RFR(s): 8166944: Hanging Error Reporting steps may lead to torn error logs.
Thomas Stüfe
thomas.stuefe at gmail.com
Thu Oct 27 07:16:39 UTC 2016
Hi David,
On Thu, Oct 27, 2016 at 2:40 AM, David Holmes <david.holmes at oracle.com>
wrote:
> On 27/10/2016 12:45 AM, Thomas Stüfe wrote:
>
>> Hi Chris,
>>
>> Thanks for the review!
>>
>> New
>> webrev: http://cr.openjdk.java.net/~stuefe/webrevs/8166944-Hanging-
>> Error-Reporting/webrev.01/webrev/
>>
>
> Have not looked at this yet.
>
> Comments inline.
>>
>> On Wed, Oct 26, 2016 at 9:00 AM, Chris Plummer <chris.plummer at oracle.com
>> <mailto:chris.plummer at oracle.com>> wrote:
>>
>> Hi Tomas,
>>
>> See JDK-8156821. I'm curious as to how your changes will impact it,
>> since David says you can't interrupt a thread blocked trying to
>> acquire mutex. I suspect that means this enhancement won't help in
>> this case, and presumably in general you are not fixing the issue of
>> error reporting getting deadlocked, or maybe I'm misinterpreting
>> what David said in JDK-8156821.
>>
>
> That should be 8156823
>
>
>>
>> Not sure what exactly David meant with "You can't "interrupt" a thread
>> that is blocked trying to acquire a mutex." Maybe he can elaborate :)
>>
>> My guesses:
>>
>> 1) If he meant "you cannot interrupt a thread blocking in
>> pthread_mutex_lock()" - not true, you can and my patch works just fine
>> in this situation. Just tested again, to be sure. This covers crashes in
>> sections guarded by pthread_mutex, which then try to reaquire the lock
>> in the error handler.
>>
>
> There is no specified, portable way to get a thread blocked acquiring a
> mutex to stop waiting for the mutex. That is what I meant.

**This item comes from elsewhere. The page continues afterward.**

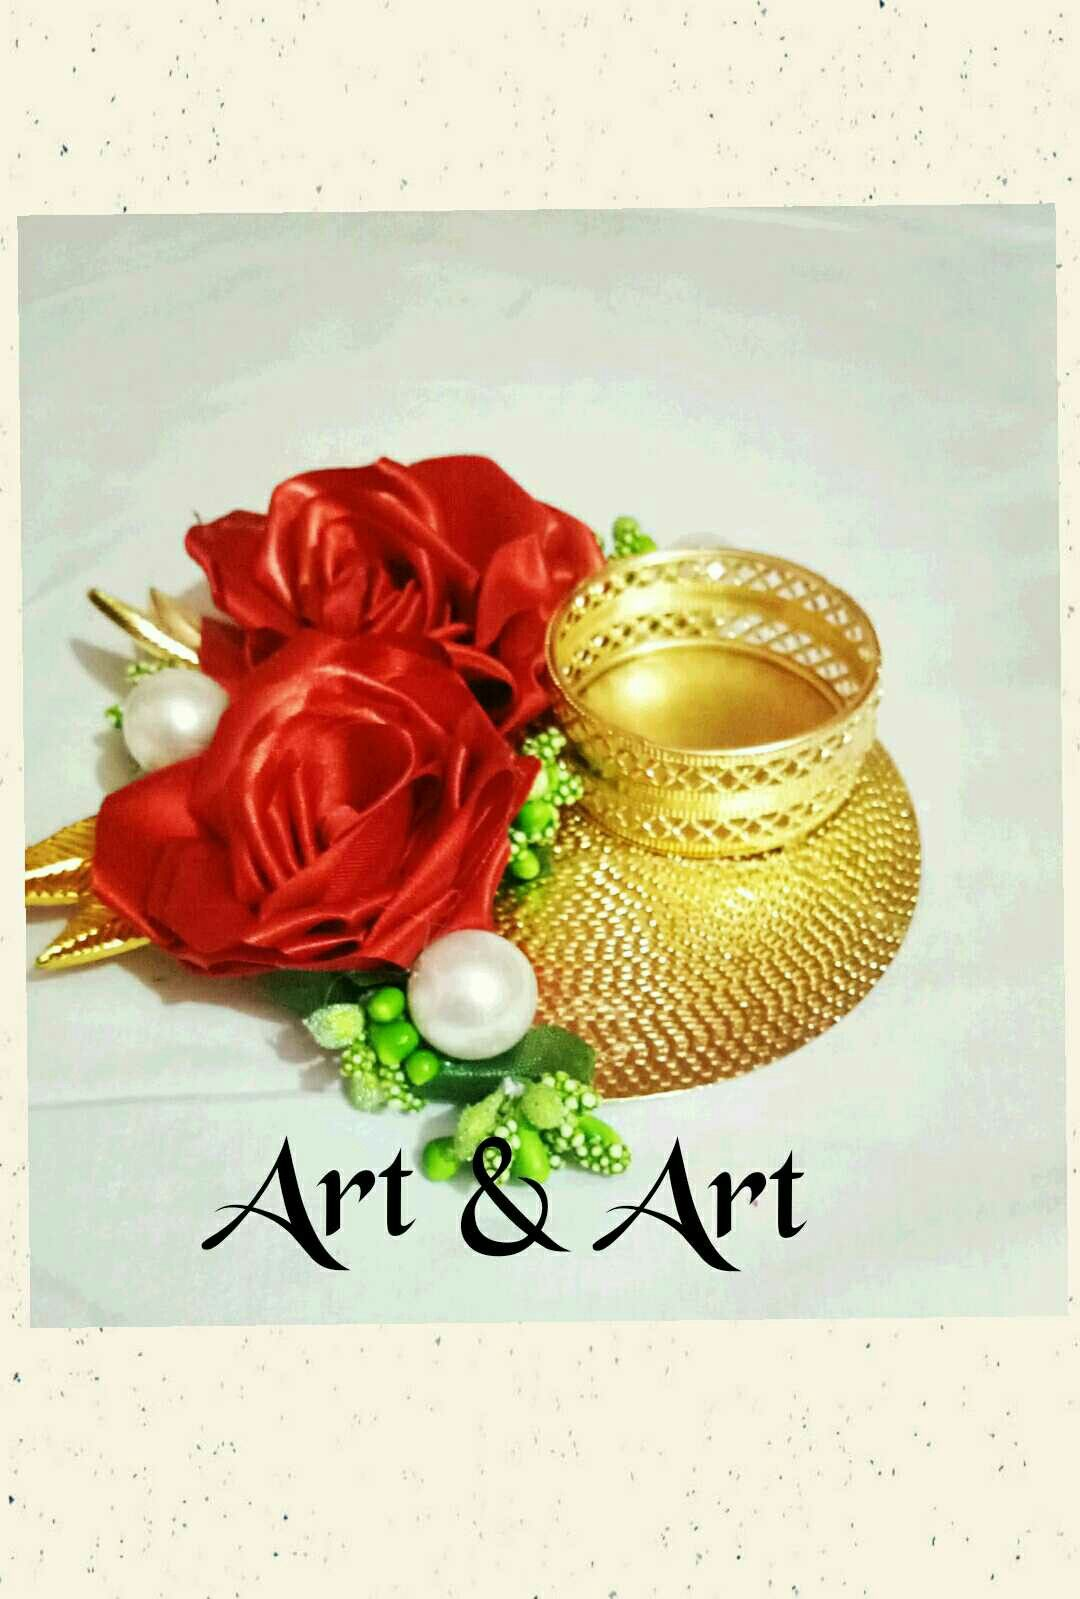 Pin by Varsha chittlangia on Diwali Diwali craft, Candle

> pthread_mutex_lock is not a cancellation point, nor will it return EINTR in
> response to a signal.
>
> However, if a signal is received by the thread while waiting then POSIX
> semantics indicate that the signal handler will run and then return the
> thread to the waiting state. In our case the crash handler does not return
> so we are into undefined territory there - but our crash handler is already
> not a well-defined signal handler as it is not restricted to
> async-signal-safe functions, so we already run a risk when executing it.
>
>
That was what I meant. Syscalls have not to be interruptible per design,
they just have to call user signal handlers for asynchronous signals.
And I think my patch does not make matters worse or more unsafe. There is
no new concept here - I use the pre-existing secondary signal handling and
that only in situations in which otherwise the error handling would very
probably hang forever, not producing any error log at all.

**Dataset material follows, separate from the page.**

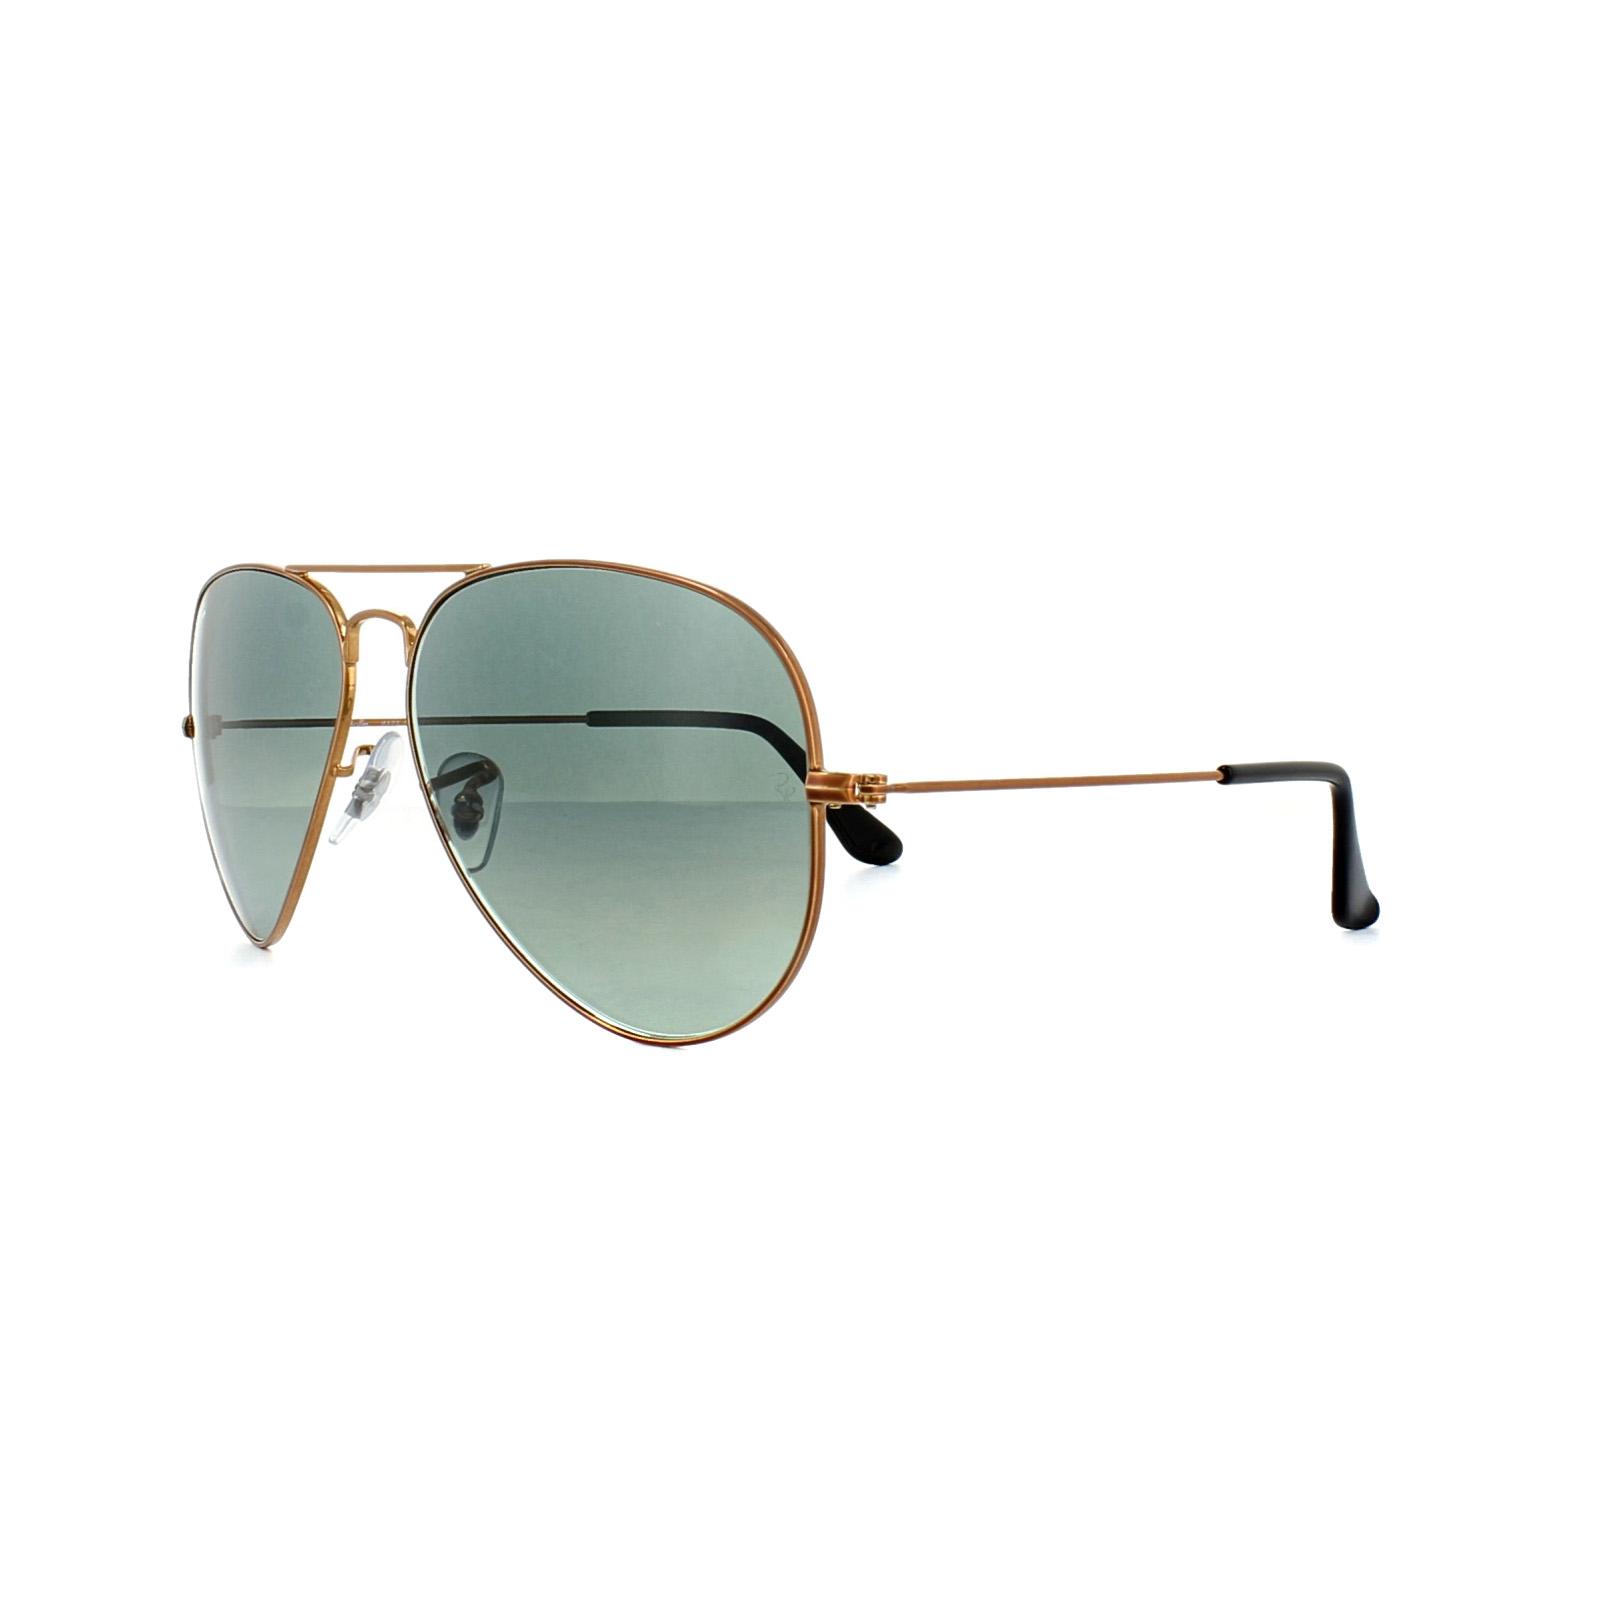 Sentinel Ray-Ban Sunglasses Aviator 3025 197 71 Bronze Copper Grey Gradient  Medium 58mm fba1e6a554a2

> I had not considered this aspect in relation to 8156823, so the proposed
> approach here would also attempt to address that issue.
>
> 2) If he meant "you cannot interrupt malloc if it is executing a system
>> call in the linux kernel" - that may be. I am not a linux kernel expert
>> but would have thought that syscalls may block if interrupts are
>> disabled for certain lengths by the syscall author. But in that case i
>> would have expected the process to hang too and to be not killable?
>> Again, I am no expert.
>>
>
> Note "interrupt" here is a logical concept not related to hardware level
> interrupts. I don't know at what point going into malloc you will no longer
> get signal handlers run - malloc doesn't use pthread level mutexes, but
> direct futuxes, so the same signal responsiveness may not be present.
>
I will have to take a closer look at what the glibc does. I always thought
that any locks it takes in user space are interruptible by signals, and
that libc calls only become uninterruptible when it calls kernel syscalls -
and those kernel syscalls cannot be interrupted (that was what I meant with
interrupts disabled). It may be wrong. Ill have to rethink this.

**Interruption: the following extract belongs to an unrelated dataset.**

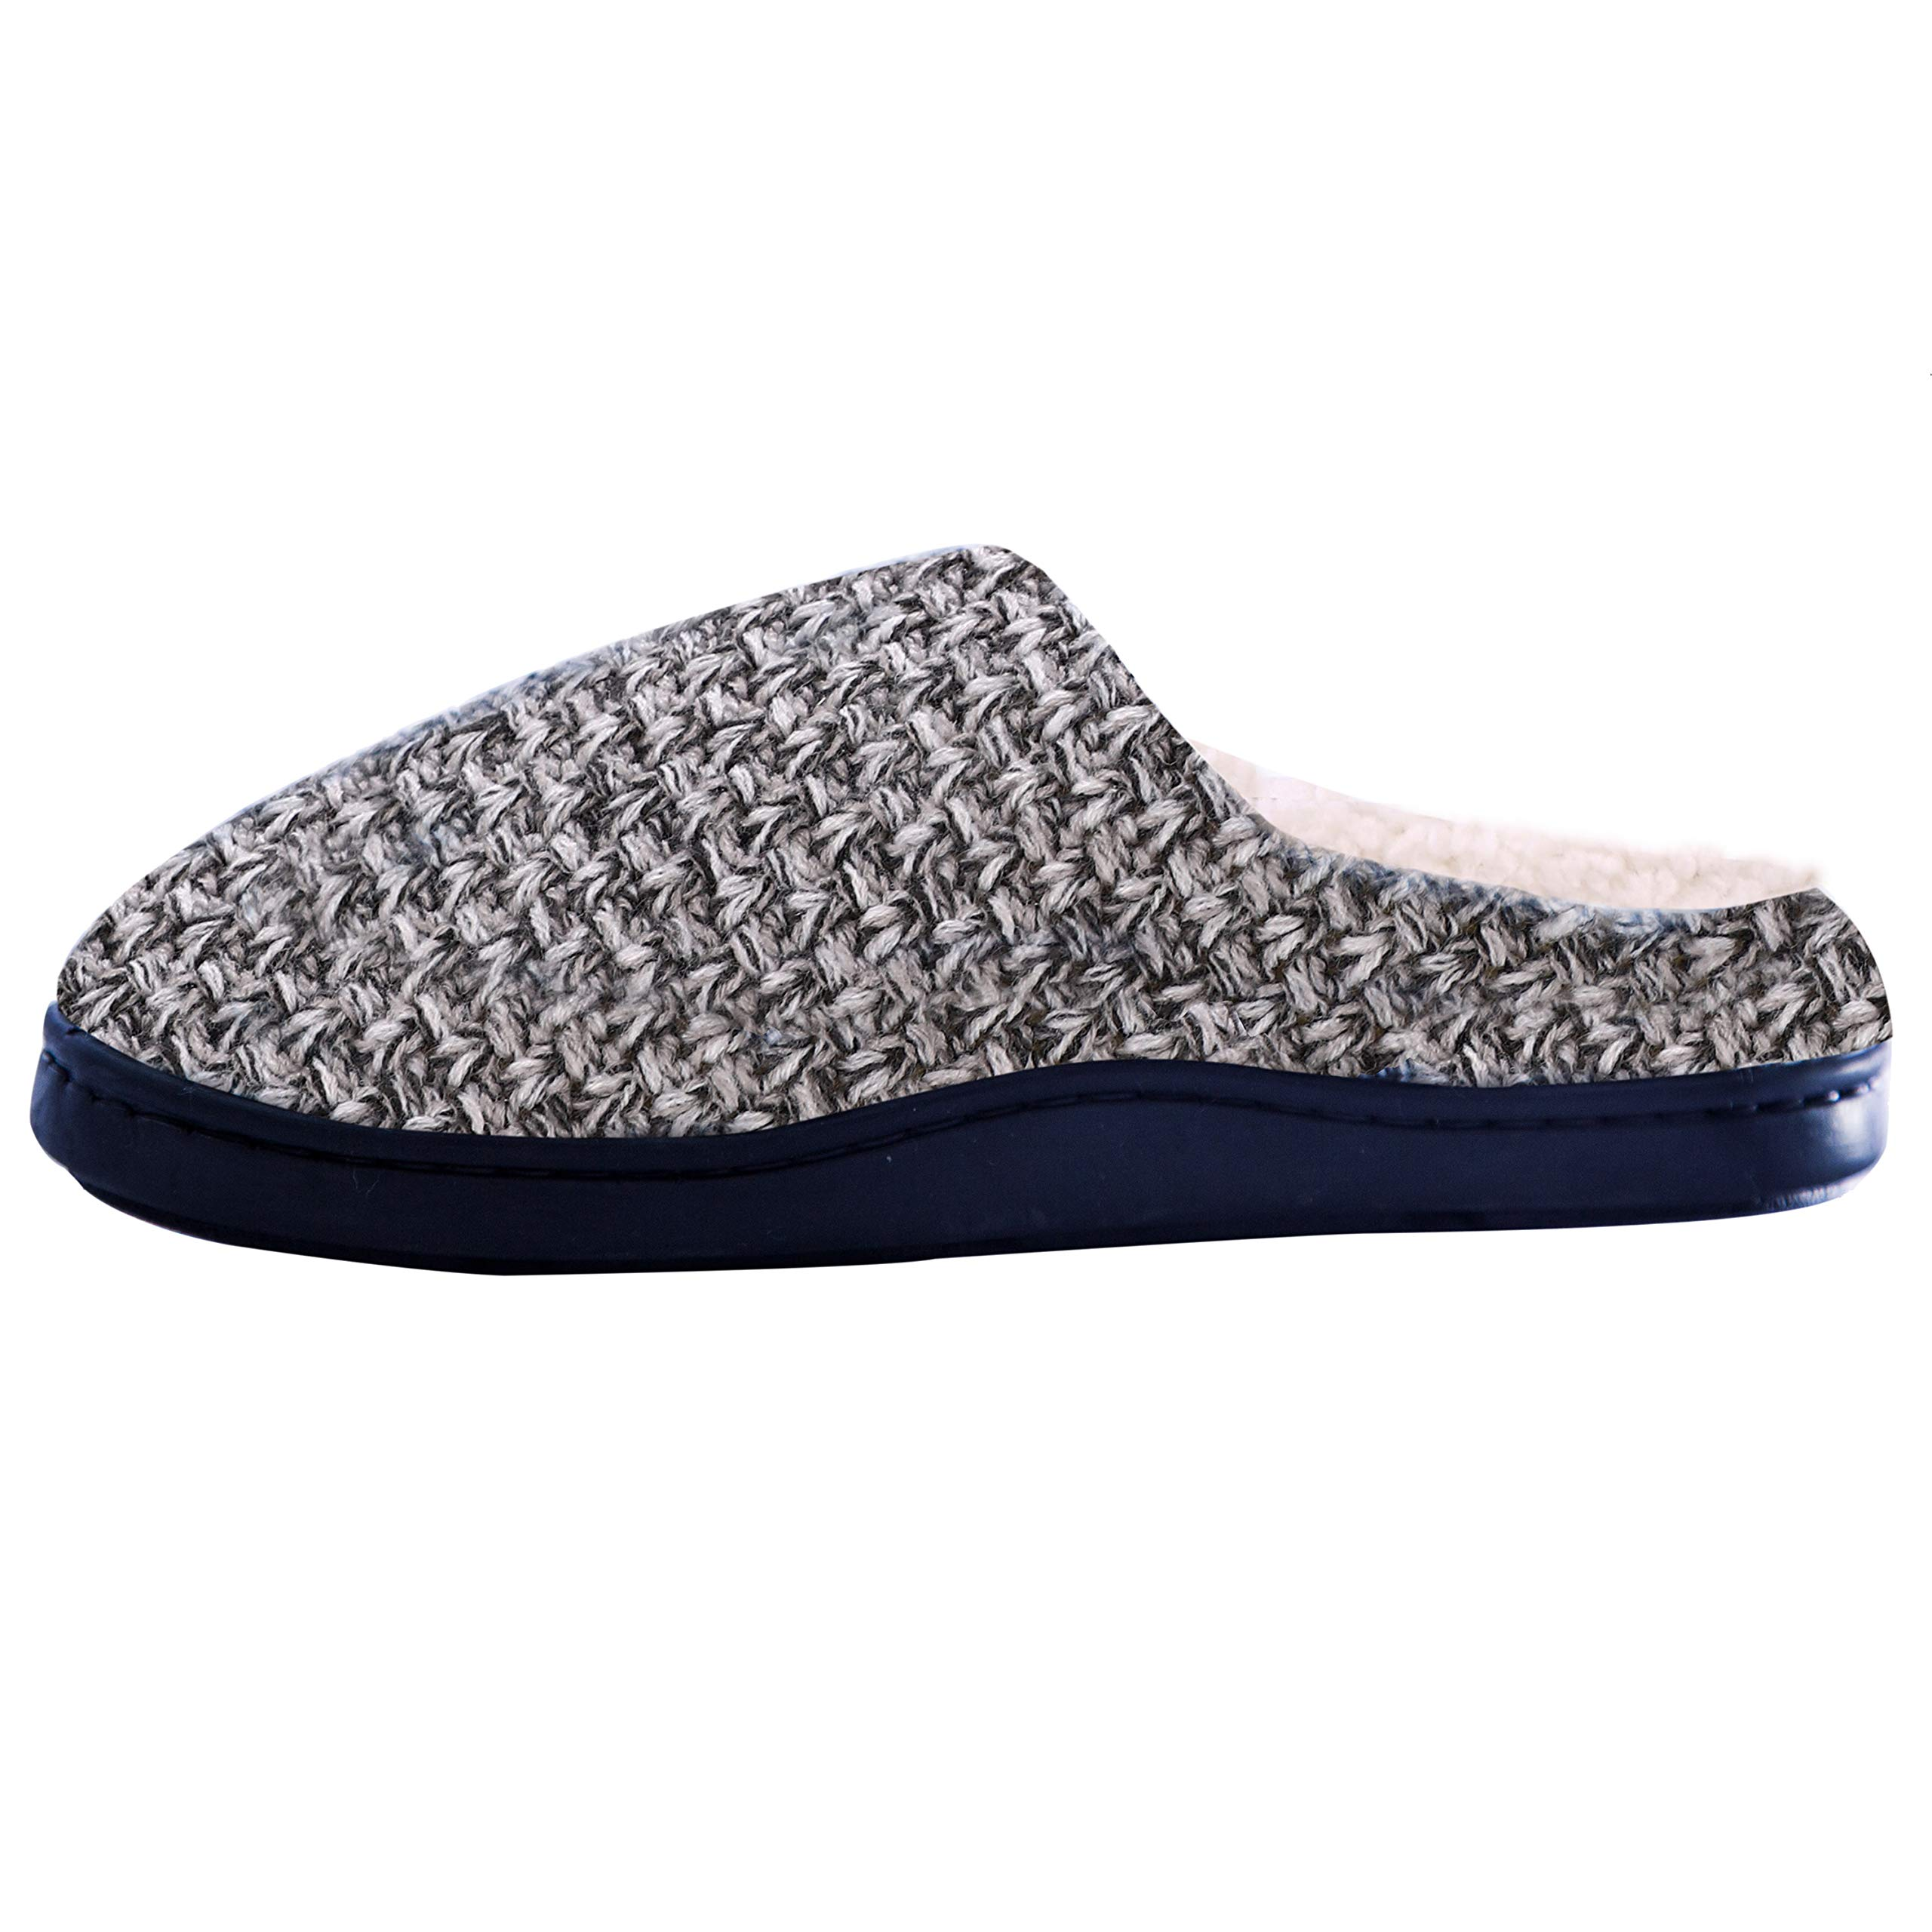 DRSLPAR House Memory Foam Slippers Comfort Plush Lining Slip-on Knit Indoor Outdoor Shoes for Men Women(Grey-Beige X-Large) by DRSLPAR (Image #6)

But whatever the outcome, there may be situations where a thread cannot be
interrupted by pthread_kill, but I think those cases are rare. More often
we just wait in very ordinary situations, be it a pthread mutex deadlock or
a slow file system. e.g. one of the more common scenarios is when you want
to print a stack trace and try to load symbol information to resolve an pc
to a name.
Thanks, Thomas
>
> Thanks,
> David
> -----
>
>
>
>>
>> Otherwise overall your changes look good, but I have a few comments.
>> Also, since this is an enhancement, it needs to wait for JDK 10.
>>
>> I think your test will fail for product builds. You should add
>> "@requires vm.debug == true". Also, java files use 4 char
>> indentation, not 2 like we use in hotspot C/C++ code. Lastly, it
>> should only have a 2016 copyright.
>>
>>
>> Thank you for the hints. Did fix all that. Note that I had disabled the
>> test for product builds in the code (!Platform.isDebugBuild()) but I
>> added the vm.debug tag as well as you suggested.
>>
>>
>> A couple of files need the copyright updated to 2016.
>>
>> Why do set_to_now() and get_timestamp() need to be atomic, and what
>> are the consequences of cx8 not being supported?
>>
>>
>> The error reporting thread sets the timestamp on each STEP start, and
>> the timestamp is read from another thread, the WatcherThread. Timestamp
>> is 64bit. I wanted to make sure the 64bit value is written and read
>> atomically, especially on 32bit platforms.
>>
>> But then, I had to check whether 64bit atomic stores/loads are even
>> supported by this platform (I actually did not find a 32bit platform
>> whithout 64bit atomics, but the comment in atomic.hpp is pretty
>> insistent and I did not want to risk regressions for other platforms).
>>
>> Well, if no cx8 support was available, I pretty much just give up and
>> read and write timestamps directly. As I said, I am not sure if this
>> code path gets ever executed.
>>
>> Maybe I was overthinking all this and just reading and writing the (C++
>> volatile) jlongs would have been enough, but I wanted to prevent
>> sporadic test errors because of incompletely read 64bit values.
>>
>>
>> 1282 st->print_raw_cr(buffer);
>> 1283 st->cr();
>>
>> The old code had an additional st->cr() before the above lines. I
>> assume you removed it intentionally.
>>
>>
>> I hope I preserved the numbers of cr(). At least that was my intention:
>>
>> 1260 outputStream* const st = log.is_open() ? &log : &out;
>> 1261 st->cr();
>>
>> ...
>>
>> and then on every path, a cr (or print_raw_cr) at the end. Where do you
>> see the missing cr()?
>>
>>
>>
>> Is there a reason why you decided to only allow one step to timeout.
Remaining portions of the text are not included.